## Brief
Return exactly the lines below, starting with the one that has "Adidas adi5 Touch" and going on through the one that has "La pareja e".

********************

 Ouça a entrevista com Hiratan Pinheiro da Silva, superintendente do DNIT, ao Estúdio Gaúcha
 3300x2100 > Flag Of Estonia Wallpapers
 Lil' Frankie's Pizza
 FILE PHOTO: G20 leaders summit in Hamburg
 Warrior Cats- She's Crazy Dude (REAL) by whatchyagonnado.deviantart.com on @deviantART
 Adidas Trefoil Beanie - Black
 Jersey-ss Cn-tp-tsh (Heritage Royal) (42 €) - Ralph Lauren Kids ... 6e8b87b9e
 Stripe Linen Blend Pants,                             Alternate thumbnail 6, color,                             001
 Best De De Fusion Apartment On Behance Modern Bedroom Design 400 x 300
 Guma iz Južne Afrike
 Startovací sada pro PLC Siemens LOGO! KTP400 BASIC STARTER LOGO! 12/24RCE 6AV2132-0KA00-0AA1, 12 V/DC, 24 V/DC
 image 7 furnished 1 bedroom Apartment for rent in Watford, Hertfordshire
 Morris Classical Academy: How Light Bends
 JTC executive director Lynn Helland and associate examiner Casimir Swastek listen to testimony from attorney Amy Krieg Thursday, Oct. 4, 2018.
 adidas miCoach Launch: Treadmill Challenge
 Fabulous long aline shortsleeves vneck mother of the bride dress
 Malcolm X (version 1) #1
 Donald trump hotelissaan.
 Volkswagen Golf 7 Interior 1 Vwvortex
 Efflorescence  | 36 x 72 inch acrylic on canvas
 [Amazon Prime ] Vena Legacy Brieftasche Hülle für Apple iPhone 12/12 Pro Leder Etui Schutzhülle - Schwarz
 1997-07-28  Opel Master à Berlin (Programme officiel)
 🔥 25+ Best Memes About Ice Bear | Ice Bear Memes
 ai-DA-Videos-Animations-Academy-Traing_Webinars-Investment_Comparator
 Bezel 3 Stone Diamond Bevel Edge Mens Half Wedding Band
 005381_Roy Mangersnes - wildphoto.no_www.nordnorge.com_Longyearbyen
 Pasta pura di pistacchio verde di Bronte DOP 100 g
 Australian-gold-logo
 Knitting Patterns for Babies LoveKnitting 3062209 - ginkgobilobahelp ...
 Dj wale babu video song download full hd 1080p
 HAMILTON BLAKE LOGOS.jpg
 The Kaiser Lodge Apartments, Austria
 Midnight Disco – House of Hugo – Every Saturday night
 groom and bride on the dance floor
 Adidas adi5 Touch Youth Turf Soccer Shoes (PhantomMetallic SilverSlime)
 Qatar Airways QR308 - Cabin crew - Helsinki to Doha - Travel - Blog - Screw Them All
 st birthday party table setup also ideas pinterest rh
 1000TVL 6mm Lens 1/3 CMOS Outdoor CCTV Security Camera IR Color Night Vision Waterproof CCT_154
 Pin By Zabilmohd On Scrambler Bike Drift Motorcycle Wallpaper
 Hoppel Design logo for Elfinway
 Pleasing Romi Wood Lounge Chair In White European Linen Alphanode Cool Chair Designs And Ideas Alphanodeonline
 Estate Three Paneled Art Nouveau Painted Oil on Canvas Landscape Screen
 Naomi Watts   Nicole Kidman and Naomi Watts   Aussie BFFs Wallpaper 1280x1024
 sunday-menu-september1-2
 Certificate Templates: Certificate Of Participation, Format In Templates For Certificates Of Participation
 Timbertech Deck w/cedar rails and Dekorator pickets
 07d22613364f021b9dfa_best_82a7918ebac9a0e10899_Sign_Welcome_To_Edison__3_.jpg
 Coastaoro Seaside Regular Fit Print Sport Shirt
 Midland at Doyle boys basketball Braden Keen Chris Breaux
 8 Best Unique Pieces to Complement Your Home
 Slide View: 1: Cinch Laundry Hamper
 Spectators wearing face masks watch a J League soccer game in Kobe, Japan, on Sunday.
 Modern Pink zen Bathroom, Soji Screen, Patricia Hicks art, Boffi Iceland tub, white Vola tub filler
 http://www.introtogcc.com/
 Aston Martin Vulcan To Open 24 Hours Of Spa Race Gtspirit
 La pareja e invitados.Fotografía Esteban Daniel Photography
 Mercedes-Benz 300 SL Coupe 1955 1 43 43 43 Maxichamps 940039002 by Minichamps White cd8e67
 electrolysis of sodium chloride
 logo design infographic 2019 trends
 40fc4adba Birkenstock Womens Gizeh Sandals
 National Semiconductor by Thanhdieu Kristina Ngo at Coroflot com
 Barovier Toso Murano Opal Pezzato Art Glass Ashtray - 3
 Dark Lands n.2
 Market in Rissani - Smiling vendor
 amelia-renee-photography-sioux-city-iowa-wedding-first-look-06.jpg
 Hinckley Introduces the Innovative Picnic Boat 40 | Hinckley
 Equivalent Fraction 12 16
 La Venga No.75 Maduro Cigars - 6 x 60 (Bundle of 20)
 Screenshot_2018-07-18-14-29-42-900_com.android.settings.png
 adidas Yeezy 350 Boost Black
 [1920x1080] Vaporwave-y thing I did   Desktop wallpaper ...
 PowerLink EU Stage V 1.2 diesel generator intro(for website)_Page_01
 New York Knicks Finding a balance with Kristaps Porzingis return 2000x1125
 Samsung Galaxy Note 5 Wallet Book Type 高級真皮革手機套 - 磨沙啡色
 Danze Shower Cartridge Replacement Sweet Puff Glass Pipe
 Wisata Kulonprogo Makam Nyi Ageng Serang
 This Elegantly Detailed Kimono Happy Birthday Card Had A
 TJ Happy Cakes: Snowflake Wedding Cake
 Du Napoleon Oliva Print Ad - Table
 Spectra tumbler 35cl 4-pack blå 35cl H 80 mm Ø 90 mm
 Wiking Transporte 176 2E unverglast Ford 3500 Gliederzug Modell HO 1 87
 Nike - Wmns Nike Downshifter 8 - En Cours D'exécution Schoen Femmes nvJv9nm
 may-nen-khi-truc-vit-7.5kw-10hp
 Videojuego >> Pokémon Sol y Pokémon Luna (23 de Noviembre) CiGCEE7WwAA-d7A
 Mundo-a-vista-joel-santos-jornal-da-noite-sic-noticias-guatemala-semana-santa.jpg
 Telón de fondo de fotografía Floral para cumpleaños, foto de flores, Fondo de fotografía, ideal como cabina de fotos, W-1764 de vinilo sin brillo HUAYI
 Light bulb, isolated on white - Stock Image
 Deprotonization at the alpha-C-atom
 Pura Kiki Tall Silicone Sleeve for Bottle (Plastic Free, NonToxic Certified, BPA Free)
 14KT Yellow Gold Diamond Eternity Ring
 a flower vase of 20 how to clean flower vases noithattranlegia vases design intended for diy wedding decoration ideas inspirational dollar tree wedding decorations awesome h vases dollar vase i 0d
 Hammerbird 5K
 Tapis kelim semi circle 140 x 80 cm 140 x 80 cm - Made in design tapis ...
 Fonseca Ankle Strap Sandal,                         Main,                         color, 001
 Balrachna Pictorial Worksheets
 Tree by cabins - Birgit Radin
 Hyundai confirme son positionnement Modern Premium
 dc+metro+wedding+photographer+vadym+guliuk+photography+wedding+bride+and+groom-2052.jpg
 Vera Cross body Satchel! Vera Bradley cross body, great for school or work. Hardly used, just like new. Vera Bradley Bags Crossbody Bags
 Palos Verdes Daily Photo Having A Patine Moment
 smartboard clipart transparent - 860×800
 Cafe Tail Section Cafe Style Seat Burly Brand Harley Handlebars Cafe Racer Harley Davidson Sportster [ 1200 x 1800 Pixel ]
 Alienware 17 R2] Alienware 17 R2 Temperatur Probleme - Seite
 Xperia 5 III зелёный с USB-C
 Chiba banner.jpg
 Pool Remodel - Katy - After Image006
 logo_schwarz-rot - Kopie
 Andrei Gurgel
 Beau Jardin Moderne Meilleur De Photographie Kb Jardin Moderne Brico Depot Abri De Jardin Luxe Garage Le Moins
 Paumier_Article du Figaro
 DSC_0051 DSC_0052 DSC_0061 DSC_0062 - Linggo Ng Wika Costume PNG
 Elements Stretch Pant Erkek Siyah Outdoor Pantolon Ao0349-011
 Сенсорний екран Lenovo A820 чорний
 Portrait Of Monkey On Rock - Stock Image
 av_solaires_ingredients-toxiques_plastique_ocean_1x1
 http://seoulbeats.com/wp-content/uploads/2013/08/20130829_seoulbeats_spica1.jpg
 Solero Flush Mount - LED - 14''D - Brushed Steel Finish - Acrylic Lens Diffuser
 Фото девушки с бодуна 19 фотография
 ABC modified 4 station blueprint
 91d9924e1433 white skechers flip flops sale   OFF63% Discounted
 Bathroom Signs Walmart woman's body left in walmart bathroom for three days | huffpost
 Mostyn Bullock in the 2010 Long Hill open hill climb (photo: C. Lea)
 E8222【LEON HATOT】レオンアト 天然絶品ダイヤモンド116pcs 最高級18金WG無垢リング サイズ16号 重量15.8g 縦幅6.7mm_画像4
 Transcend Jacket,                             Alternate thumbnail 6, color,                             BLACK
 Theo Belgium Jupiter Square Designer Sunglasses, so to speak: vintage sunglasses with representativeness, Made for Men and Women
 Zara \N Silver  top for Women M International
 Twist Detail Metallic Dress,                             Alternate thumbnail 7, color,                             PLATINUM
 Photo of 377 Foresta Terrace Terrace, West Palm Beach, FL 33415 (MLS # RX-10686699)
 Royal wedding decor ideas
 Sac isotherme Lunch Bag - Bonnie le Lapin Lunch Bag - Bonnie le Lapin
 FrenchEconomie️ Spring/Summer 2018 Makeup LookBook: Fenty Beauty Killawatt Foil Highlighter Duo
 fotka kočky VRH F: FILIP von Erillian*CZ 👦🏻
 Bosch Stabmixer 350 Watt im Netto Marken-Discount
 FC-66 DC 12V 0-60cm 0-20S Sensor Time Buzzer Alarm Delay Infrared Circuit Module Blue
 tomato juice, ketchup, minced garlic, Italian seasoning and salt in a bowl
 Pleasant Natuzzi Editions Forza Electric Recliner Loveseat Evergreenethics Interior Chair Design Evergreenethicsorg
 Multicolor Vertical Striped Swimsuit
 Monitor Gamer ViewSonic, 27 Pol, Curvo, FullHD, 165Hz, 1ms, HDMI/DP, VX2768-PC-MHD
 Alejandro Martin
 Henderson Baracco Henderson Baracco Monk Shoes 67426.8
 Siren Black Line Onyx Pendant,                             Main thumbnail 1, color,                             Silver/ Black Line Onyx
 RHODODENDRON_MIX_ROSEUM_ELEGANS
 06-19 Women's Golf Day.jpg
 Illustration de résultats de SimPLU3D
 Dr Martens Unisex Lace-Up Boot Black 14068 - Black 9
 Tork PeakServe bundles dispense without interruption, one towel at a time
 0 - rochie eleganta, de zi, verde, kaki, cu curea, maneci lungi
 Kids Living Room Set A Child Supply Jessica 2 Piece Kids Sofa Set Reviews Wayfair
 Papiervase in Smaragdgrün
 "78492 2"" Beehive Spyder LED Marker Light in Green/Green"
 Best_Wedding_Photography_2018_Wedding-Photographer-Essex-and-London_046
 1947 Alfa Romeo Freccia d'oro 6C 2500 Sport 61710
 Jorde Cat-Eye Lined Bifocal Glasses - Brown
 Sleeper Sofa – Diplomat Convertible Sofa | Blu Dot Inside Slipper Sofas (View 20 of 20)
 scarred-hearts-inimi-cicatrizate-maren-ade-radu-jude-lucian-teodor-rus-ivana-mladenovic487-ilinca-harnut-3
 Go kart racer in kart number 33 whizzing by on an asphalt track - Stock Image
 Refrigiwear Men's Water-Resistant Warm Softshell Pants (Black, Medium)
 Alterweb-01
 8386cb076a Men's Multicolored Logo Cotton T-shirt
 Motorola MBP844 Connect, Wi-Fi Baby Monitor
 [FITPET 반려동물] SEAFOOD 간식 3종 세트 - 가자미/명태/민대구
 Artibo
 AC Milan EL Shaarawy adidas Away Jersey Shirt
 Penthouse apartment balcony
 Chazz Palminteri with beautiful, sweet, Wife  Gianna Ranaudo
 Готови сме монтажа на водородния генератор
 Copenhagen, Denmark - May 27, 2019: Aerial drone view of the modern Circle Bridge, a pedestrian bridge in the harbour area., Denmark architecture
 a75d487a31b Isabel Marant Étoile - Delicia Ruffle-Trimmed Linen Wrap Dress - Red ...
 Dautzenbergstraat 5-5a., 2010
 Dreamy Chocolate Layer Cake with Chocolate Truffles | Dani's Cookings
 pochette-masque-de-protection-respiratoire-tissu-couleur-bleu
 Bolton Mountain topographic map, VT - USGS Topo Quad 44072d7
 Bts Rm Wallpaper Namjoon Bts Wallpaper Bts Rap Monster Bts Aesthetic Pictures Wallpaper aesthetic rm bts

********************

## Task response
 Adidas adi5 Touch Youth Turf Soccer Shoes (PhantomMetallic SilverSlime)
 Qatar Airways QR308 - Cabin crew - Helsinki to Doha - Travel - Blog - Screw Them All
 st birthday party table setup also ideas pinterest rh
 1000TVL 6mm Lens 1/3 CMOS Outdoor CCTV Security Camera IR Color Night Vision Waterproof CCT_154
 Pin By Zabilmohd On Scrambler Bike Drift Motorcycle Wallpaper
 Hoppel Design logo for Elfinway
 Pleasing Romi Wood Lounge Chair In White European Linen Alphanode Cool Chair Designs And Ideas Alphanodeonline
 Estate Three Paneled Art Nouveau Painted Oil on Canvas Landscape Screen
 Naomi Watts   Nicole Kidman and Naomi Watts   Aussie BFFs Wallpaper 1280x1024
 sunday-menu-september1-2
 Certificate Templates: Certificate Of Participation, Format In Templates For Certificates Of Participation
 Timbertech Deck w/cedar rails and Dekorator pickets
 07d22613364f021b9dfa_best_82a7918ebac9a0e10899_Sign_Welcome_To_Edison__3_.jpg
 Coastaoro Seaside Regular Fit Print Sport Shirt
 Midland at Doyle boys basketball Braden Keen Chris Breaux
 8 Best Unique Pieces to Complement Your Home
 Slide View: 1: Cinch Laundry Hamper
 Spectators wearing face masks watch a J League soccer game in Kobe, Japan, on Sunday.
 Modern Pink zen Bathroom, Soji Screen, Patricia Hicks art, Boffi Iceland tub, white Vola tub filler
 http://www.introtogcc.com/
 Aston Martin Vulcan To Open 24 Hours Of Spa Race Gtspirit
 La pareja e invitados.Fotografía Esteban Daniel Photography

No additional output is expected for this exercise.